In addition to the mod drama and power trips and bullshit that happens in the subreddit system, the other problem with subreddits is anyone can submit to that specific category. This results in (1) spam and (2) an echo chamber and (3) lack of relationships between individual users. This is why I encourage people to follow both tags and the users who frequent those tags so that your feed is full of things that interest you AND people who interest you. This allows your feed to have things you may not normally encounter and begin to get to know the users who share interests with you. For example, I'm not very interested in music in general but because I follow people who are interested in things I enjoy and music, I get to see good music posts. Even though I would never browse or subscribe to /r/music or the 8000 genre music subreddits, I stay informed and consistently discover new things about music that I normally wouldn't. One example is this post by Owl that introduced me to something I would never actively seek out or typically enjoy. I would never be exposed to that on reddit.
You're right about the being able to follow specific people part, though I think in some cases subreddits are helping to fight bad signal-to-noise ratios in the content stream. For example, the /r/gaming subreddit over the years and general eternal september that any default sub gets to see, devolved into a mess of memes and inane posts about a popular game with the superimposed impact font joke etc So, some people got together and wanted a gaming discussion subreddit without the memery, so they made an /r/games (which is the most popular one, theres also an /r/truegaming) with the goal of having better quality posts and discussions through more involved moderator actions, and it's worked pretty well. There's not really any crapposting going on in Hubski right now, but if some day this place hit critical mass, it might be difficult to contain.

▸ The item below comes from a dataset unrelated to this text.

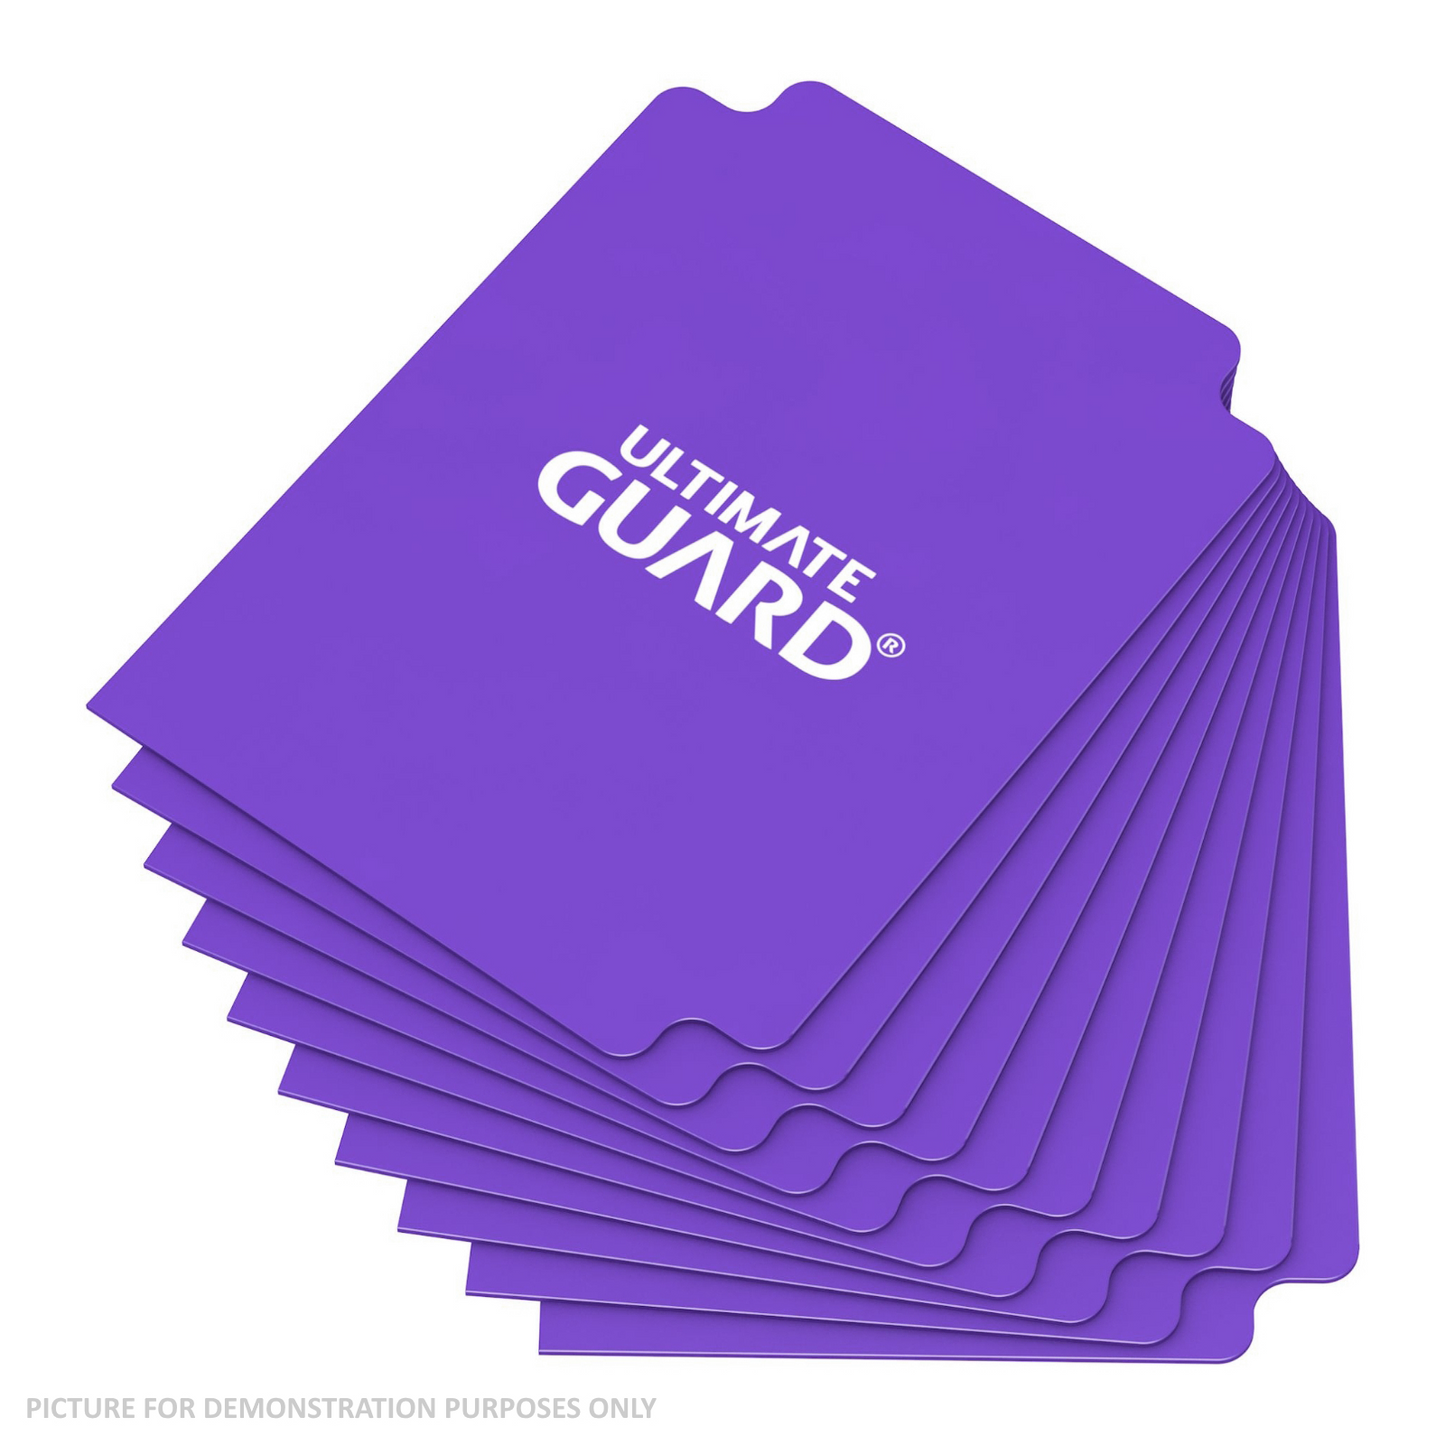 Ultimate Guard Trading Card Storage Dividers Pack of 10 - PURPLE

Keep in mind now that you could create #games.haymakers9th and you will be the only person that can submit posts with that tag. People can follow it etc. Personal tags -My guess is that we will expand on this too as it opens a number of possibilities.
Personal tags are definitely an interesting and workable concept. The ability to have a personal tag and a public one in the same submission eliminates the possibility of isolation and a solely blog-style dynamic.
Wait, I didn't know that was possible. So if you have a tag and then a "." and a username it become private and something only you can post to? Do you have to be the first person to use it to "own it?" Or could I make DrPepperGuitar.thenewgreen now and it would be mine? Or will it only let the user creating it use their username? Also what happens if it's multi-tagged? Only YOU can add a second tag? I've noticed you doing this with the photo challenges, but obviously we can post to them so I'm assuming that is how it works. (Not planning on using someone elses name by any means, just wondering if people could steal mine or something of that nature) Just curious.